## Work instruction
When you reach the line with "5e935c9b847197 Buy Vans", transcribe it and each line after it through the last one below, exactly. Pictures stay out.

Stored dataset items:
:::

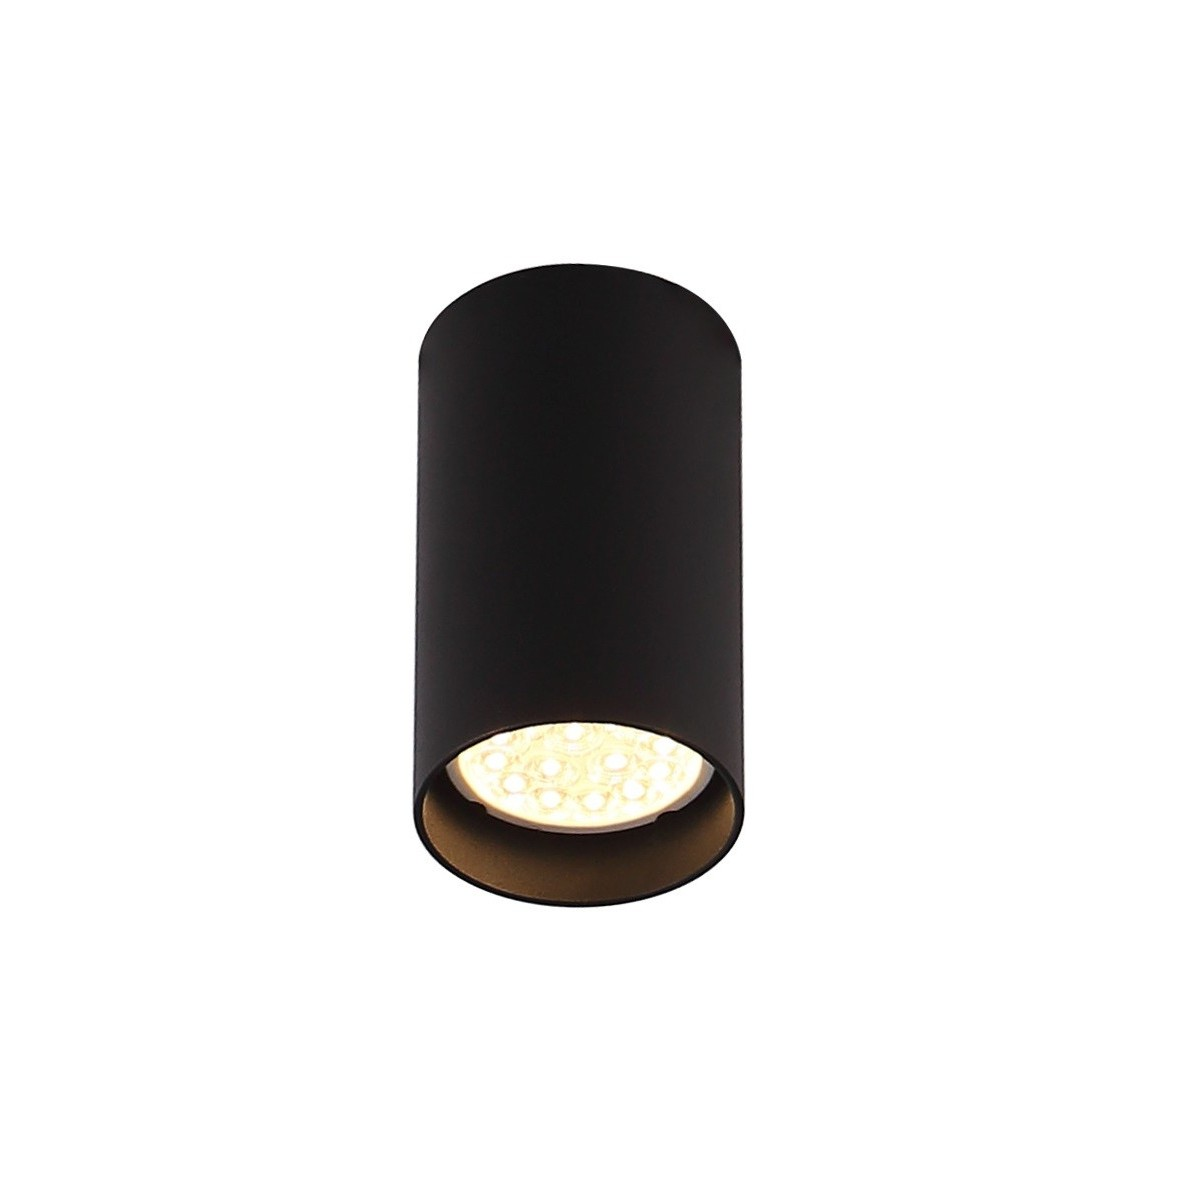 MAXlight PET ROUND Czarny C0142 Sufitowa
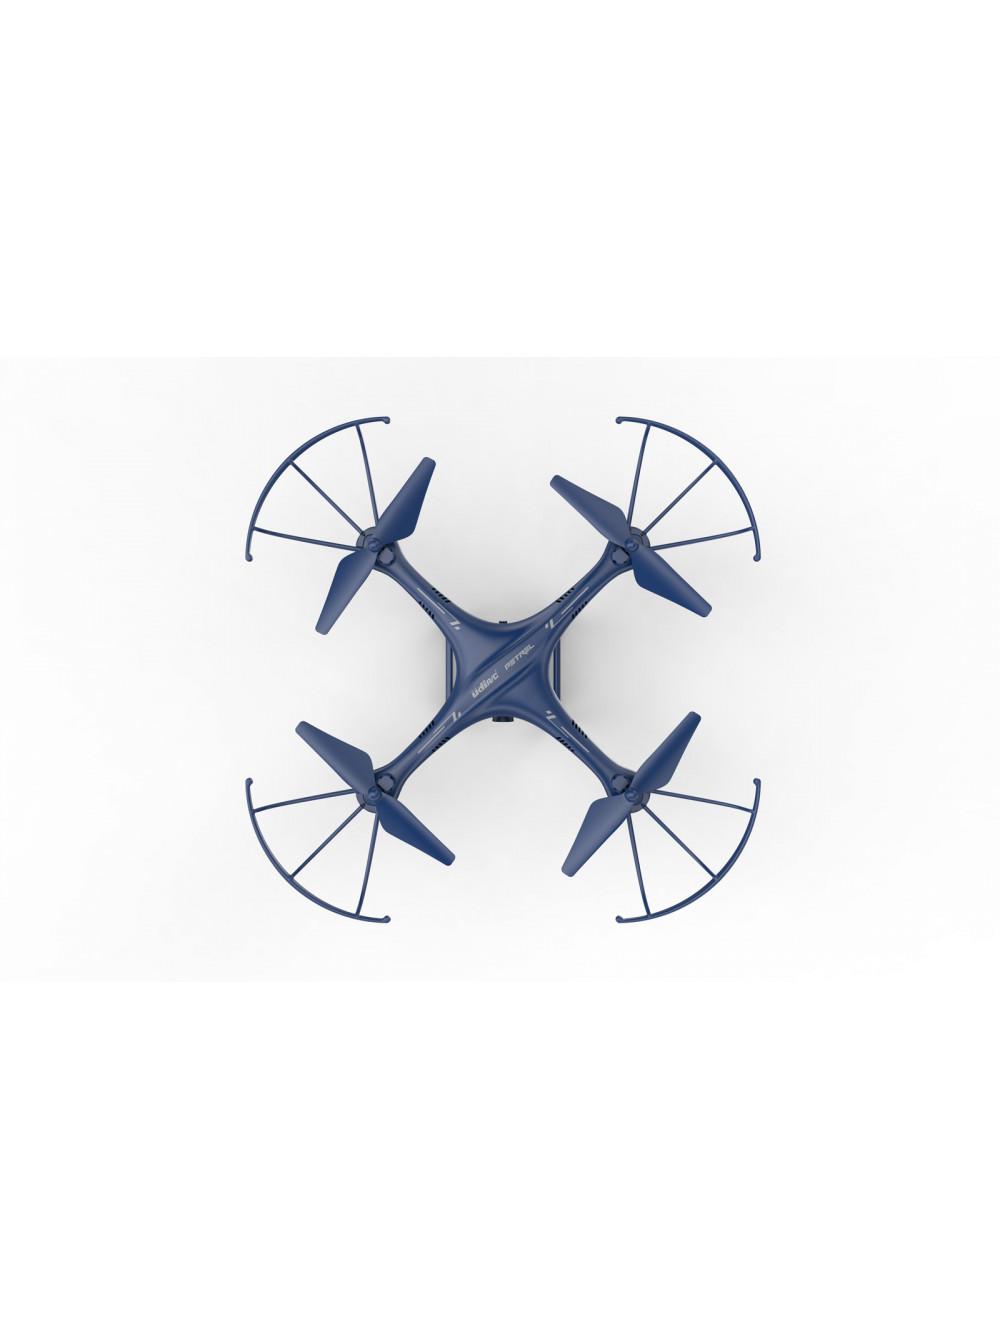 Квадрокоптер UDIRC U42W
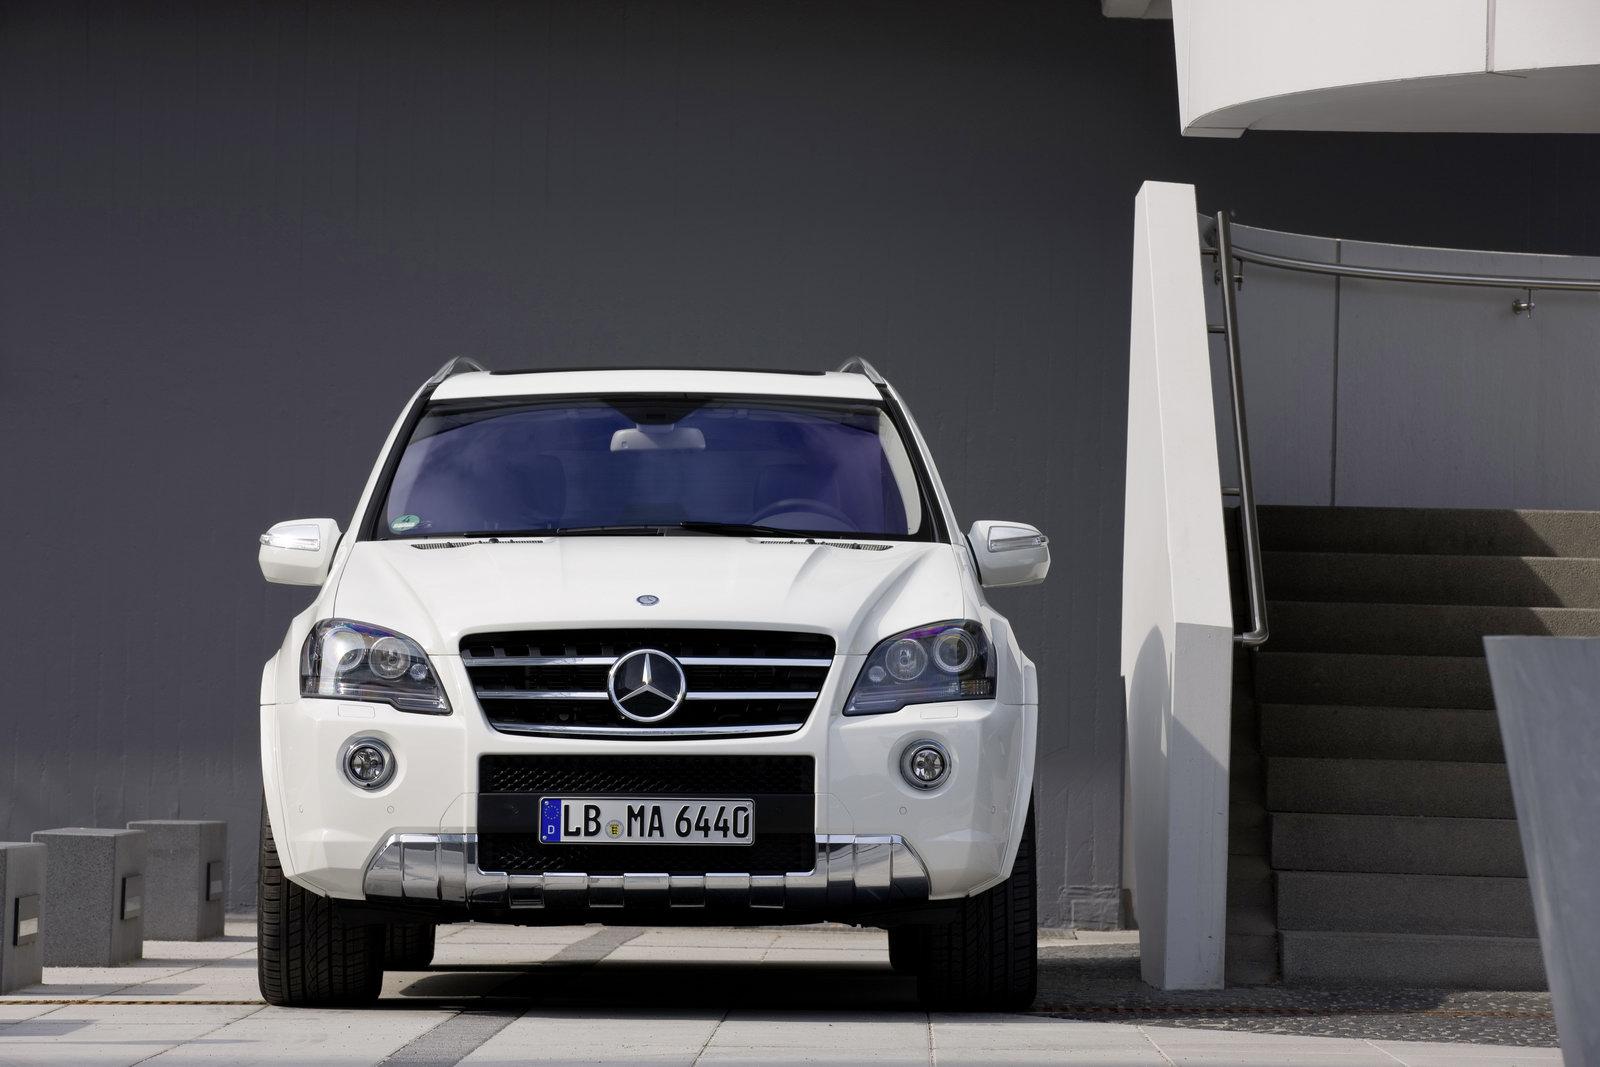 http://1.bp.blogspot.com/_FoXyvaPSnVk/TA-sfSHK6cI/AAAAAAAC8BU/Jd2EXDKFV_g/s1600/2011-Mercedes-ML63-AMG-10.jpg
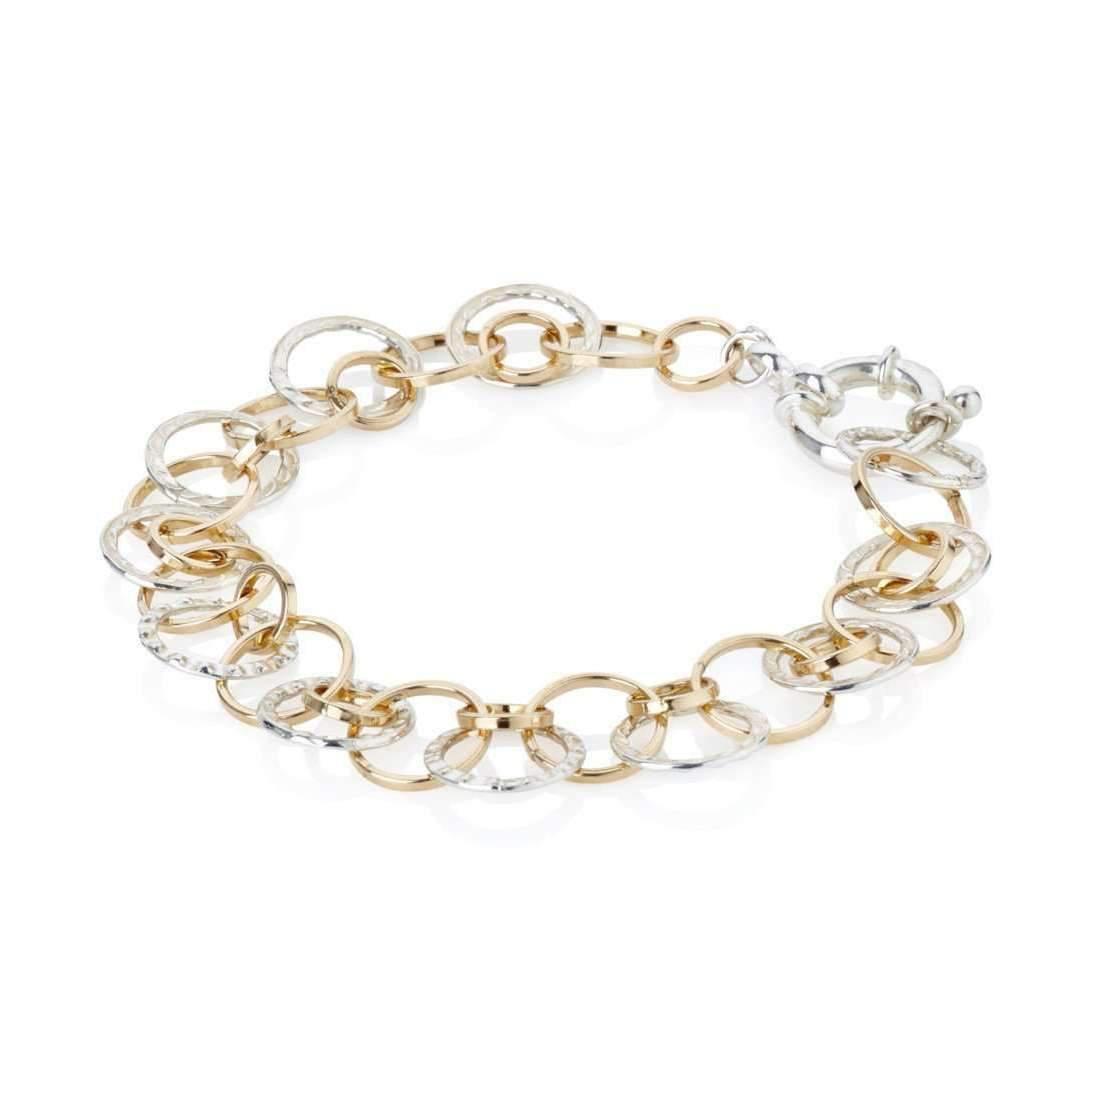 Lavan Individual Mix Design Silver & Gold Bracelet - Medium (7-7.25) TilNGXq
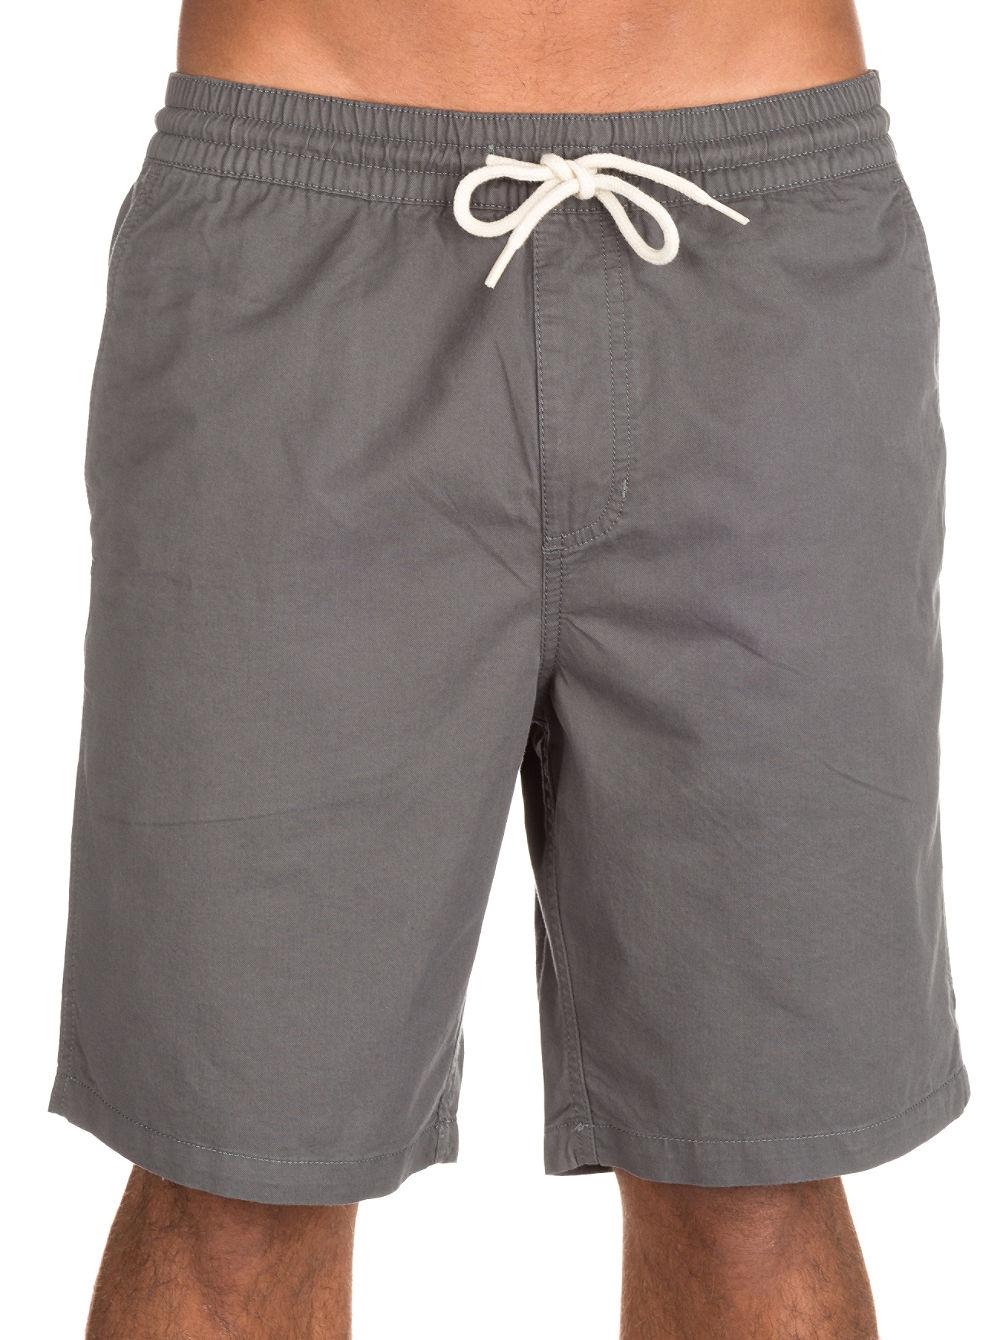 5e935c9b847197 Buy Vans Range Shorts online at Blue Tomato
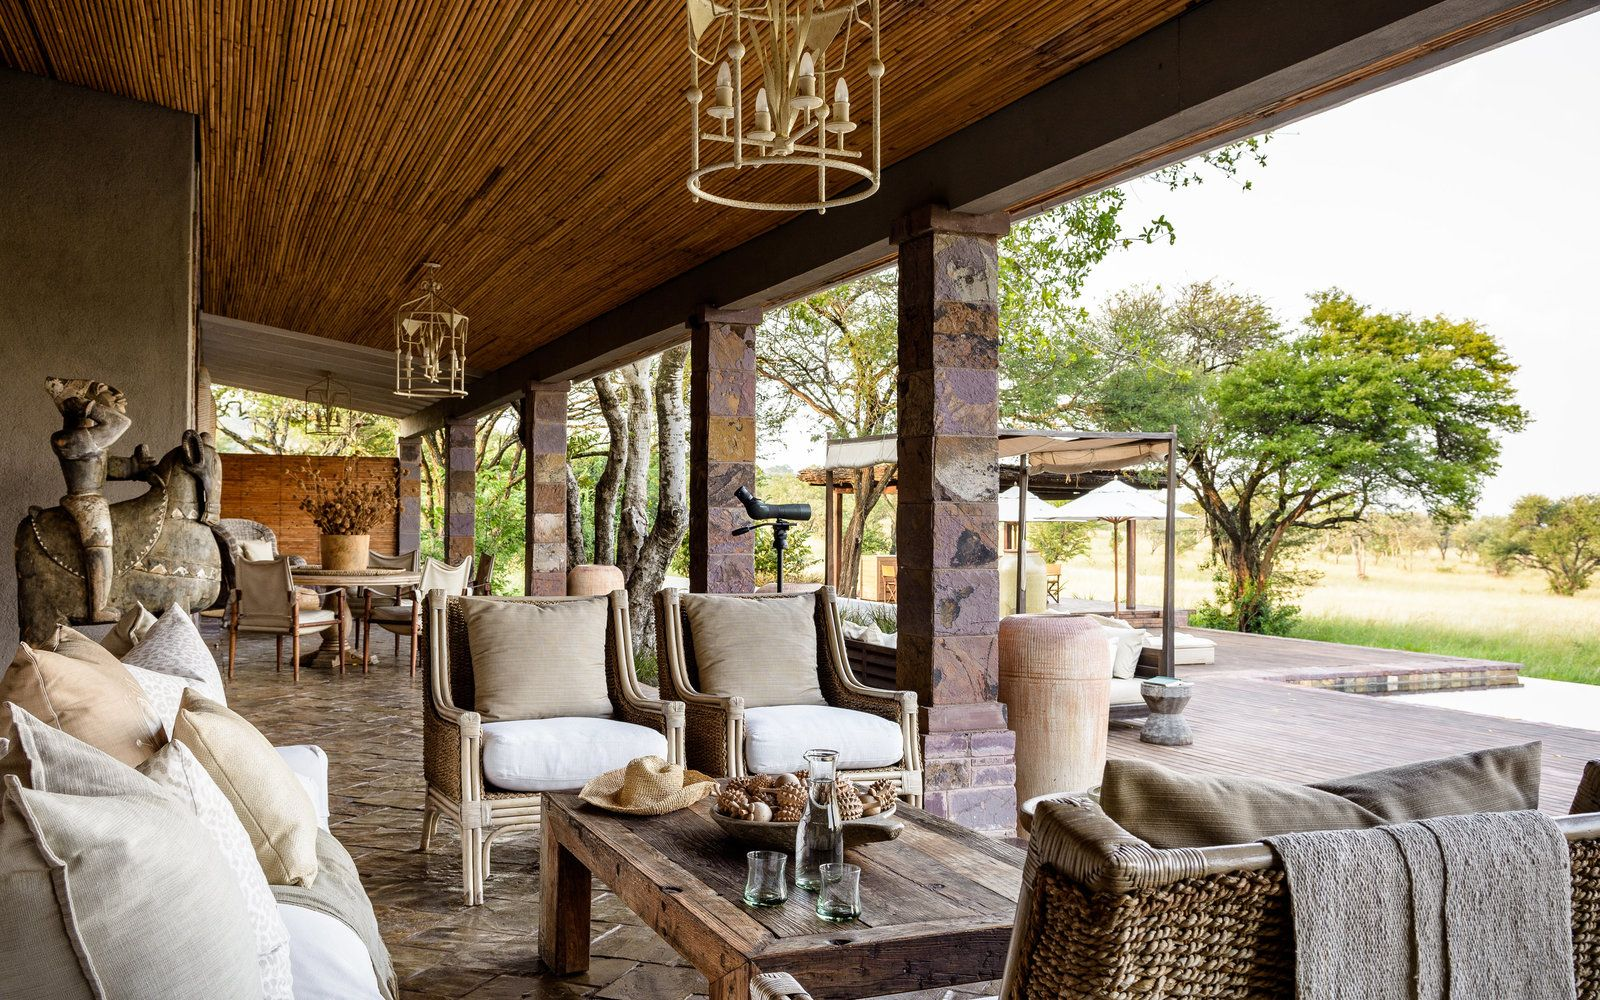 Best 100 Hotels World's Best Hotels 2019 Beautiful

:::

## Solution for this problem
 5e935c9b847197 Buy Vans Range Shorts online at Blue Tomato
 Best 100 Hotels World's Best Hotels 2019 Beautiful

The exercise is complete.